Frantz Fanon’s The Wretched of the Earth became the bible of 20th-century anti-colonial struggles, influencing figures like Malcolm X and Che Guevara. Written during Algeria’s brutal war for independence, Fanon, a psychiatrist and revolutionary, diagnoses colonialism as a system of dehumanization that infects both colonizer and colonized.
This is because Colonialism isn’t just the theft of land but the theft of identity. Fanon argues that colonized people internalize their oppressors’ racism, leading to self-loathing and fractured psyches. To break free, they must reject this “colonized mind” through revolutionary struggle, even if it demands violence.
His central thesis is thus that liberation mustn’t be conceived as just political; rather, it’s a psychological, cultural, and violently indispensable process. “Decolonization,” he writes, “is always a violent phenomenon.” He has often been criticized for emphasizing violence. However, this is not because he thinks that the oppressed are bloodthirsty, but because the system itself has already been built on brutality in the name of “civilizing” the oppressed.

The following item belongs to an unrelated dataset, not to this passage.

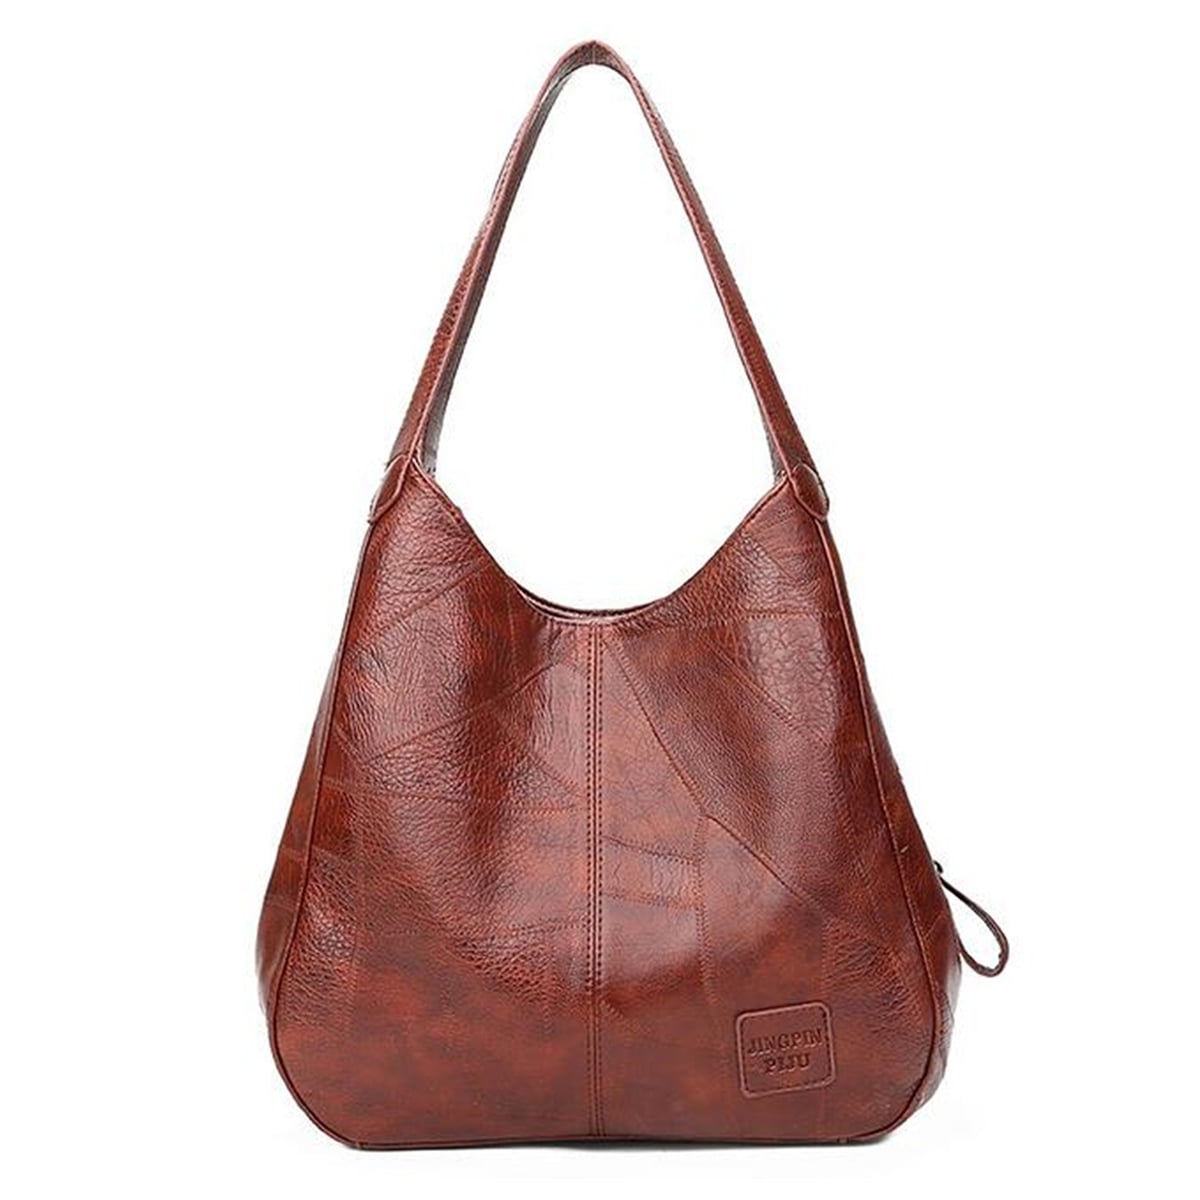 Vintage Women Tote Leather Shoulder Bag Handbag Messenger Crossbody Hobo Purse

For this reason, Fanon also warns postcolonial elites against mimicking their former oppressors. True liberation, he insists, requires a new humanism, a culture rooted in local indigenous traditions as opposed to Eurocentric mimicry. His call to “leave Europe behind” inspired liberation movements from Africa to Black Power activists in the U.S., urging them to forge identities unshackled from colonial logic and theories of knowledge.
In an age of hashtag activism and neocolonial capitalism, his warning that “the colonized are cured of colonialism only by rifle fire” chills, but so does his hope for a world where the “wretched” of the Middle East, Africa, and Asia finally breathe free and reclaim their humanism from the systemic oppression.